In practice, MGFs often provide a faster route than direct convolution: multiply the MGFs, then identify the resulting distribution.

Product distribution

For the product $Z = XY$ of two independent continuous random variables, the PDF is:

$f_Z(z) = \int_{-\infty}^{\infty} \frac{1}{|x|}\,f_X(x)\,f_Y\!\left(\frac{z}{x}\right)dx$

This formula comes from the same change-of-variables logic, with the $\frac{1}{|x|}$ factor acting as the Jacobian. Product distributions arise in contexts like modeling the area of a rectangle with random dimensions, or in signal processing where a signal is multiplied by a random gain.

Joint continuous distributions

Joint distributions describe the simultaneous behavior of two or more continuous random variables.
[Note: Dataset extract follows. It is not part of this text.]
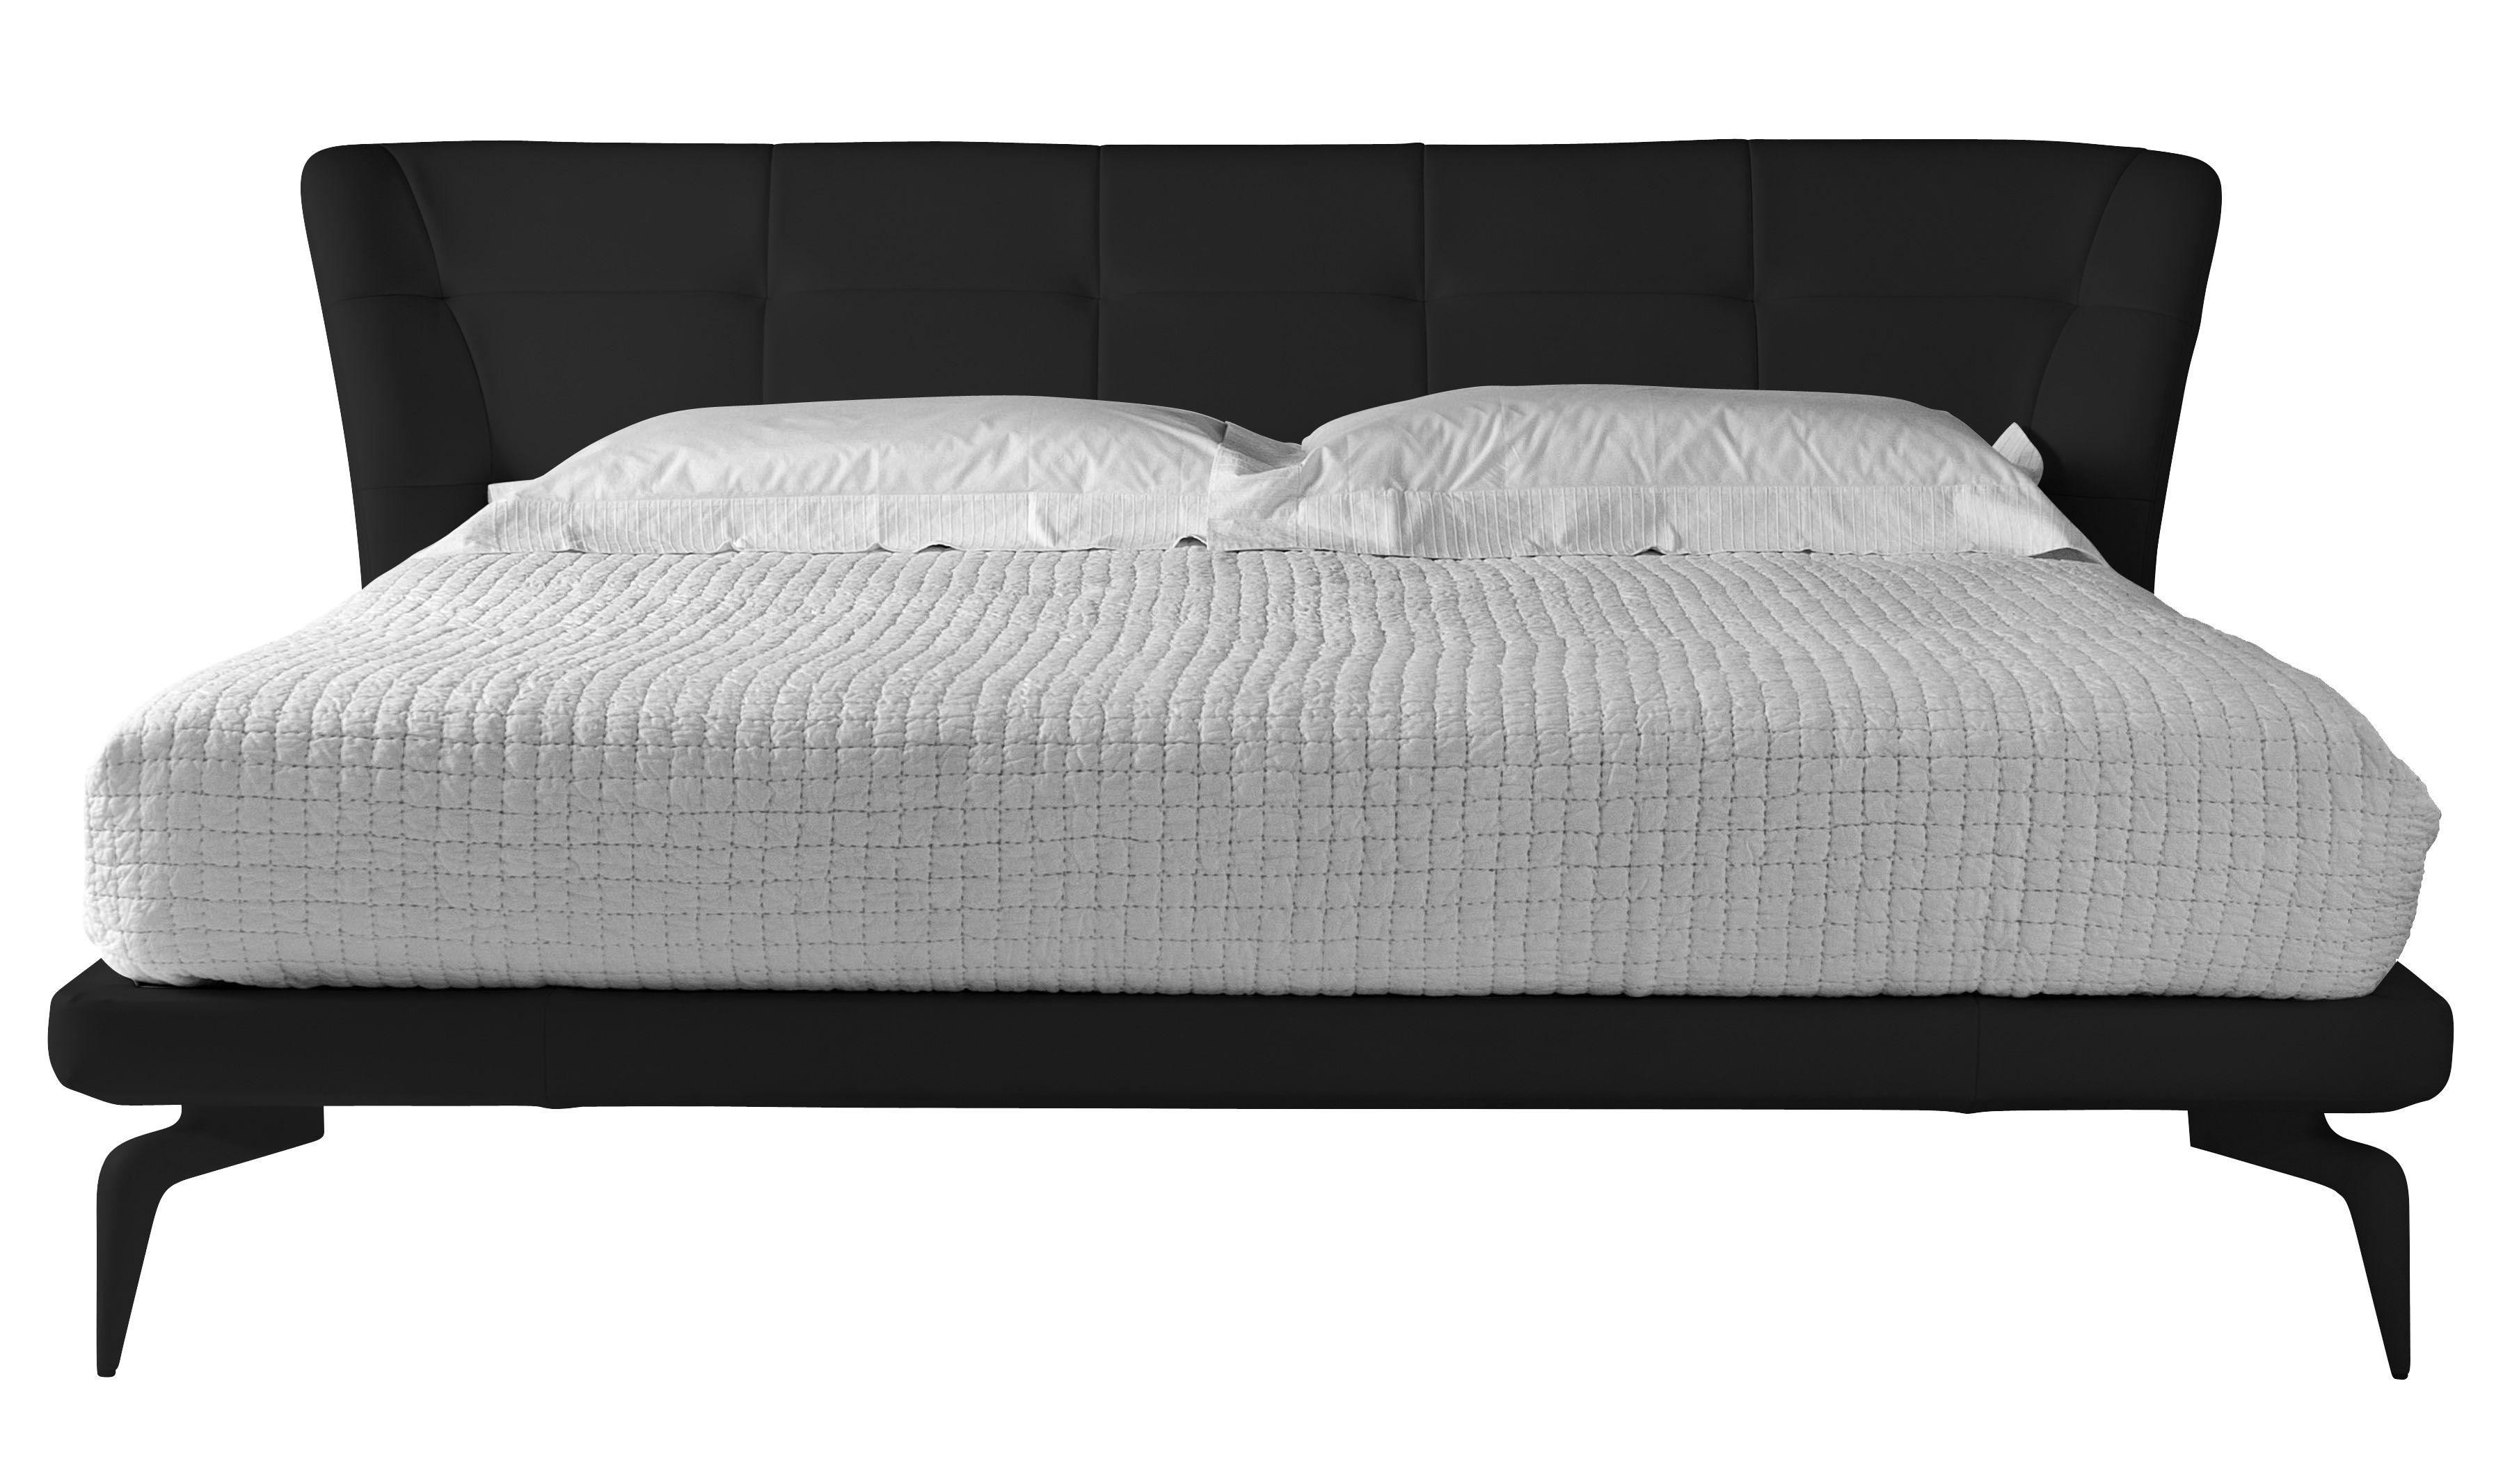 Mobilier - Lits - Lit double Leeon 221 x 222 cm - Driade - Cuir noir - Aluminium laqué, Cuir

They capture not just individual behavior but also the dependence structure between variables.

Joint probability density functions

The joint PDF $f_{X,Y}(x,y)$ of two continuous random variables must satisfy:

• $f_{X,Y}(x,y) \geq 0$ for all $(x,y)$
• $\int_{-\infty}^{\infty}\int_{-\infty}^{\infty} f_{X,Y}(x,y)\,dx\,dy = 1$

The probability that $(X,Y)$ falls in a region $A$ is:

$P((X,Y) \in A) = \iint_A f_{X,Y}(x,y)\,dx\,dy$

Two random variables are independent if and only if their joint PDF factors: $f_{X,Y}(x,y) = f_X(x) \cdot f_Y(y)$ for all $(x,y)$.

Marginal and conditional distributions

Marginal distributions recover the distribution of a single variable by integrating out the other:

$f_X(x) = \int_{-\infty}^{\infty} f_{X,Y}(x,y)\,dy \qquad f_Y(y) = \int_{-\infty}^{\infty} f_{X,Y}(x,y)\,dx$

Conditional distributions describe one variable given a fixed value of the other:

$f_{Y|X}(y|x) = \frac{f_{X,Y}(x,y)}{f_X(x)}, \quad \text{provided } f_X(x) > 0$

This is the continuous analog of conditional probability. The conditional expectation $E[Y \mid X = x] = \int_{-\infty}^{\infty} y\,f_{Y|X}(y|x)\,dy$ is particularly important in stochastic processes, where it forms the basis of filtering and prediction.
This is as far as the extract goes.